И так Церковь продолжала, выжила, и с момента избрания кардинала война с Папой Римским стала побеждать. Он рос как институт, мощный как моральная сила, но в той же степени как политическая сила. Падение ПНР стало триумфом Церкви. Мнение о том, что с тех пор нравственная сила Церкви начала снижаться, может быть поставлено под угрозу, и что ее политическая сила продолжает расти. Атмосфера торжества, чувство власти не побудили к рассмотрению внутренней ситуации в структурах Церкви. Проблемы гомосексуализма или педофилии рассматривались, как и в РПЛ. И эти проблемы росли, они раздувались, и публика все больше узнавала о них. Церковь как институт, и особенно иерархия, была совершенно беспомощна, пассивна и, казалось, не понимала опасности выявления этих проблем. И они стали эффективным оружием в борьбе с Церковью, и как институт, проповедующий определенное нравственное учение, и как институт, влияющий и формирующий политические реалии.
На данный момент в споре об отношении Кароля Войтылы, который до сих пор является главным вопросом в польской общественной жизни, у церкви нет шансов. Минимальная часть заинтересованных лиц понимает обстоятельства и давление, при которых действовал кардинал Войтыла в годы Польской Народной Республики. После стольких институциональных изменений Церкви не только в Польше, после стольких компромиссов различных иерархов мало кто будет считать, что выживание Церкви как независимого института несколько десятилетий назад было фундаментальным вопросом не только для Церкви, но и для будущей свободной Польши. Кто сегодня позволит церковным лидерам рассматривать драматический выбор меньшего зла и легко судить с сегодняшней точки зрения?

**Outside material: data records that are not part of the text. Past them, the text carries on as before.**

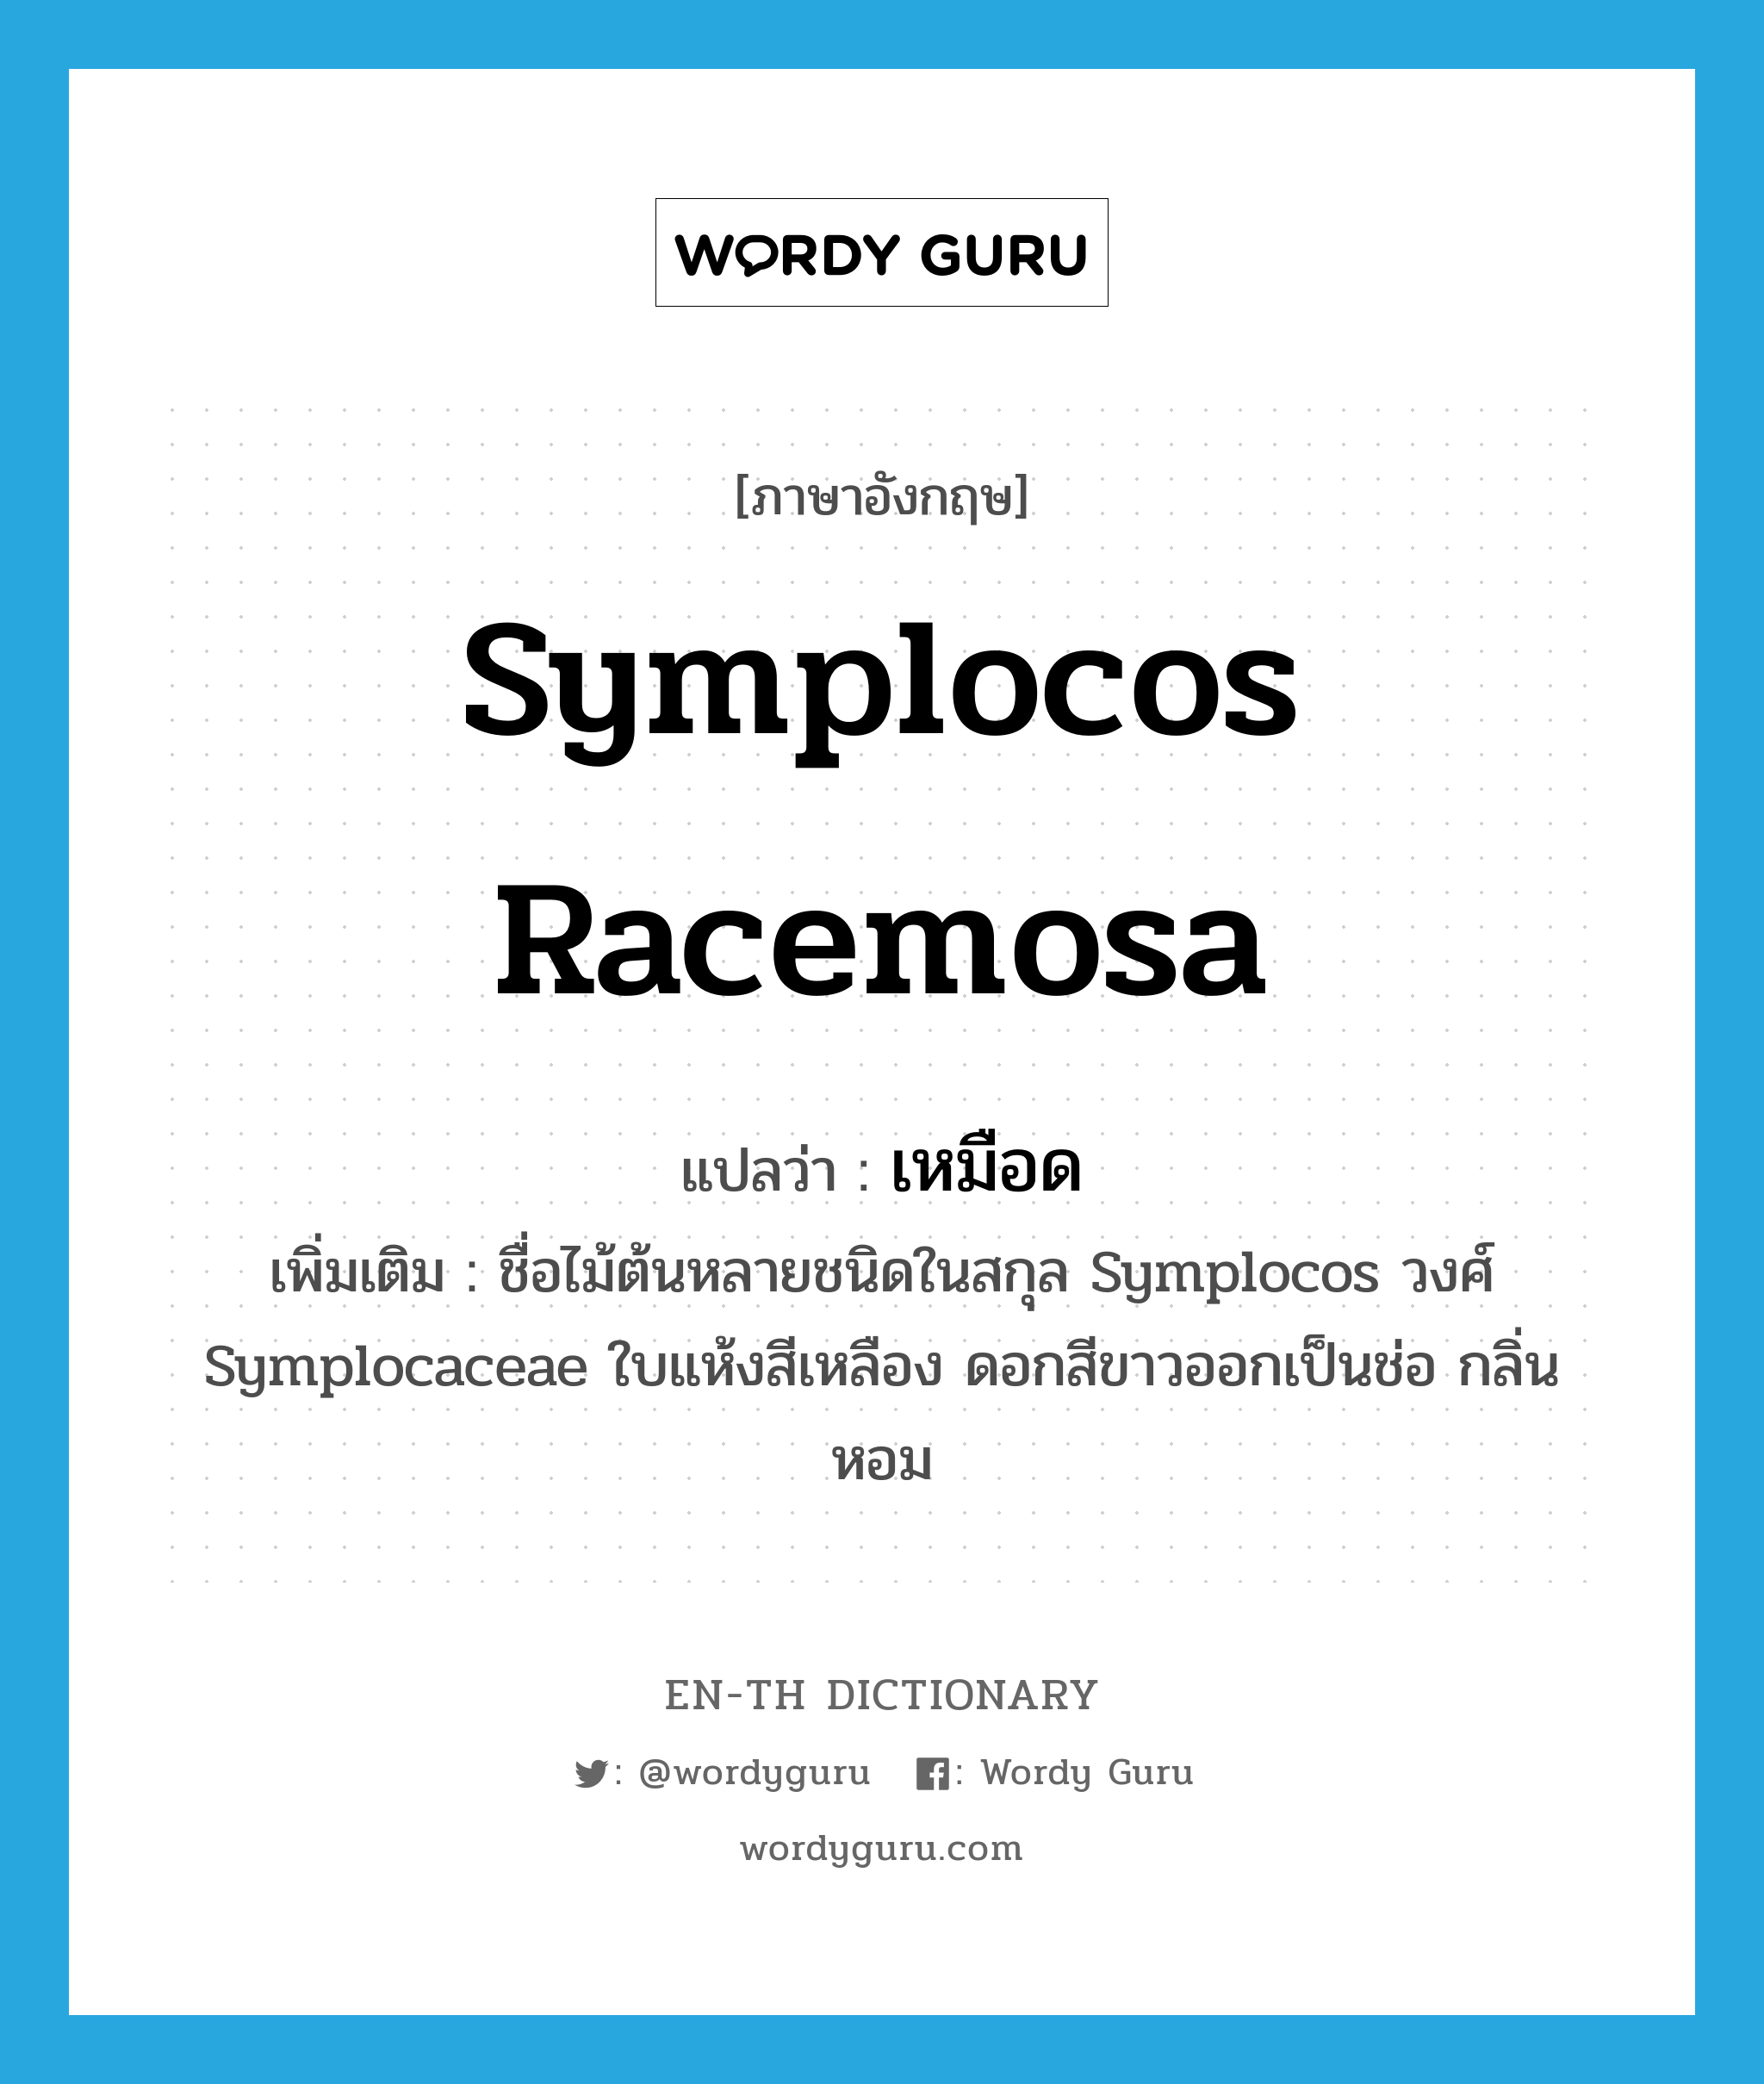 เหมือด ภาษาอังกฤษ?, คำศัพท์ภาษาอังกฤษ เหมือด แปลว่า Symplocos racemosa ประเภท N เพิ่มเติม ชื่อไม้ต้นหลายชนิดในสกุล Symplocos วงศ์ Symplocaceae ใบแห้งสีเหลือง ดอกสีขาวออกเป็นช่อ กลิ่นหอม หมวด N
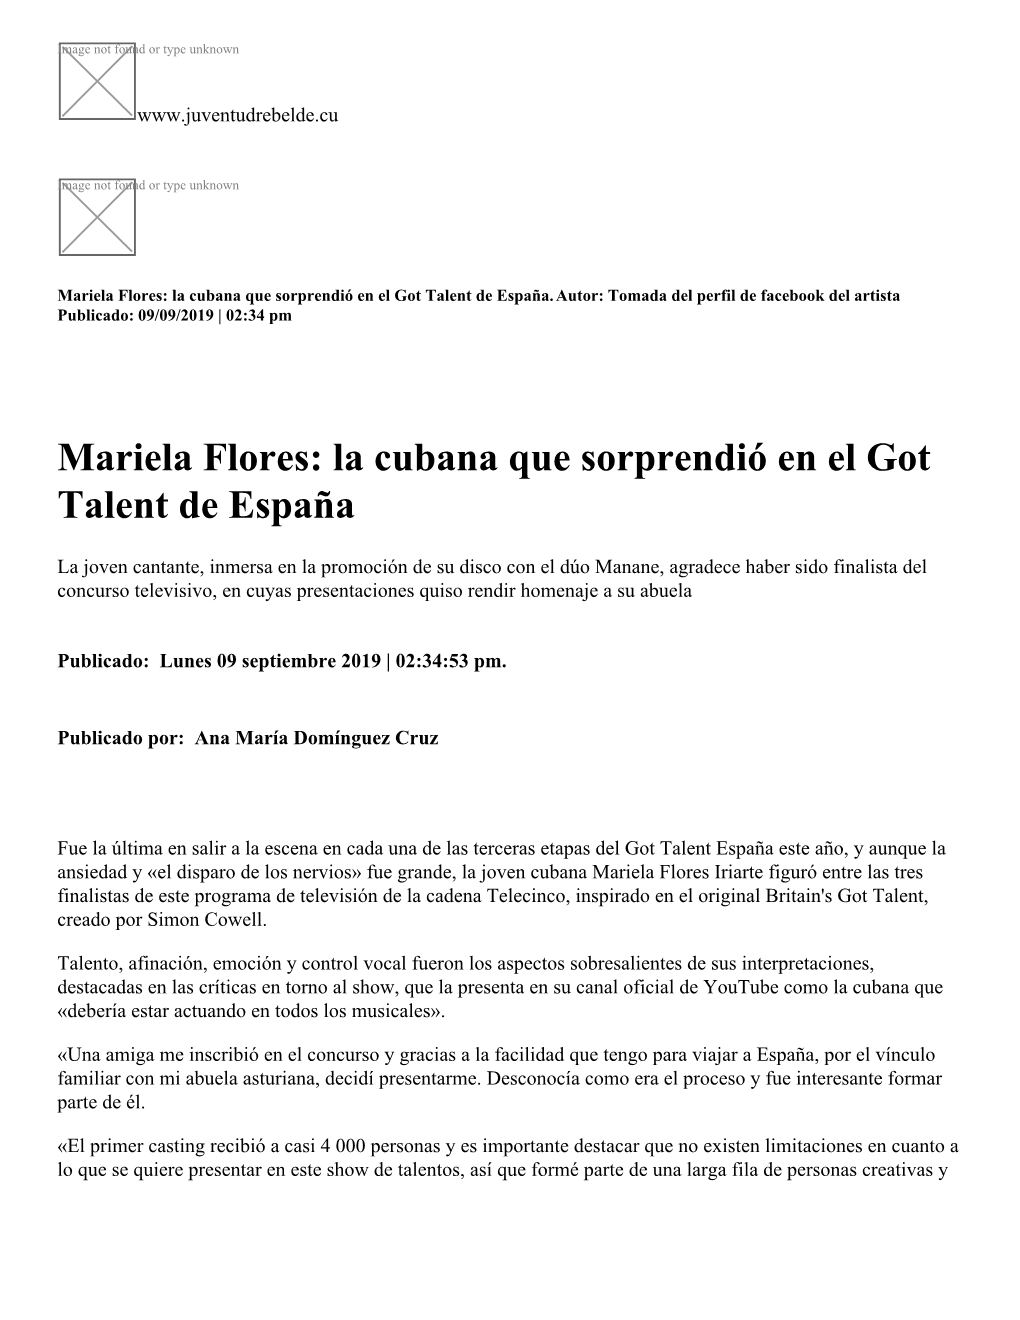 Mariela Flores: La Cubana Que Sorprendió En El Got Talent De España.Autor: Tomada Del Perfil De Facebook Del Artista Publicado: 09/09/2019 | 02:34 Pm
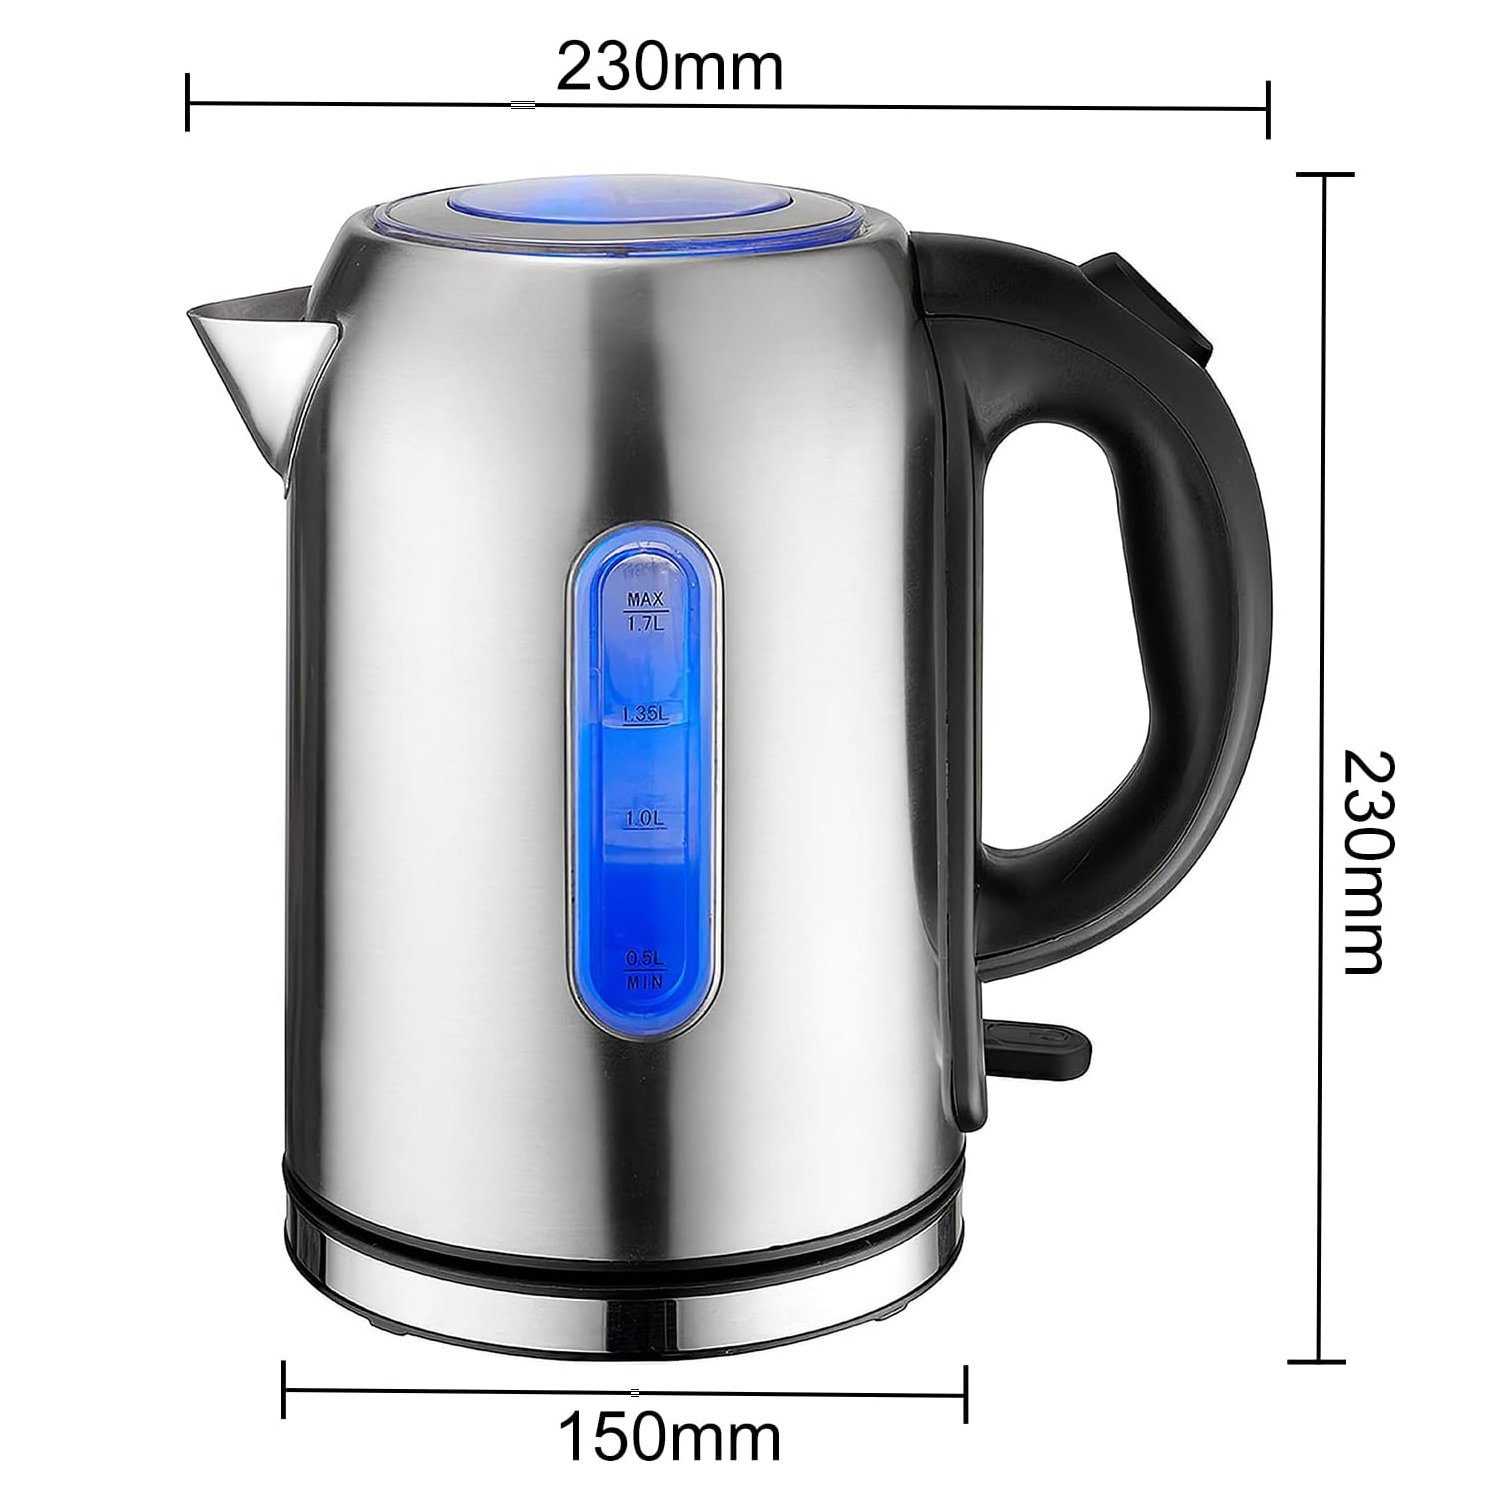 und Abschaltautomatik für Tee LED-Anzeige,1,7L, und Wasserkocher,mit Wasserkocher Trockenkochschutz, Wasserkocher, Kaffee W, 2000,00 Elektrischer Mutoy

Сегодня для подавляющего большинства населения понятно, что отдельные люди, особенно дети, страдают, и считается, что Церковь должна их защищать. Это то, о чем они говорят, это то, что там, это то, что в сознании. Церковь с защитником фундаментальных ценностей, со свободой во главе, стала главным подсудимым и либо очень слаба, либо вообще неспособна защищаться, поэтому проигрывает. Он проигрывает в основном как институт, который, по его мнению, больше не нужен для выполнения его миссии, но является местом различных злоупотреблений. Церковь, как институт со своей иерархией, участвует в создании идола Иоанна Павла II. Папа стал символом политического триумфа и господства. К сожалению, у меня сложилось впечатление, что до тех пор, пока Кароль Войтыла является политическим оружием, символом и любым другим политически используемым оружием, попытки защитить его принесут пользу, и в лучшем случае они закончатся каким-то актом о «защите богослужения Иоанна Павла II».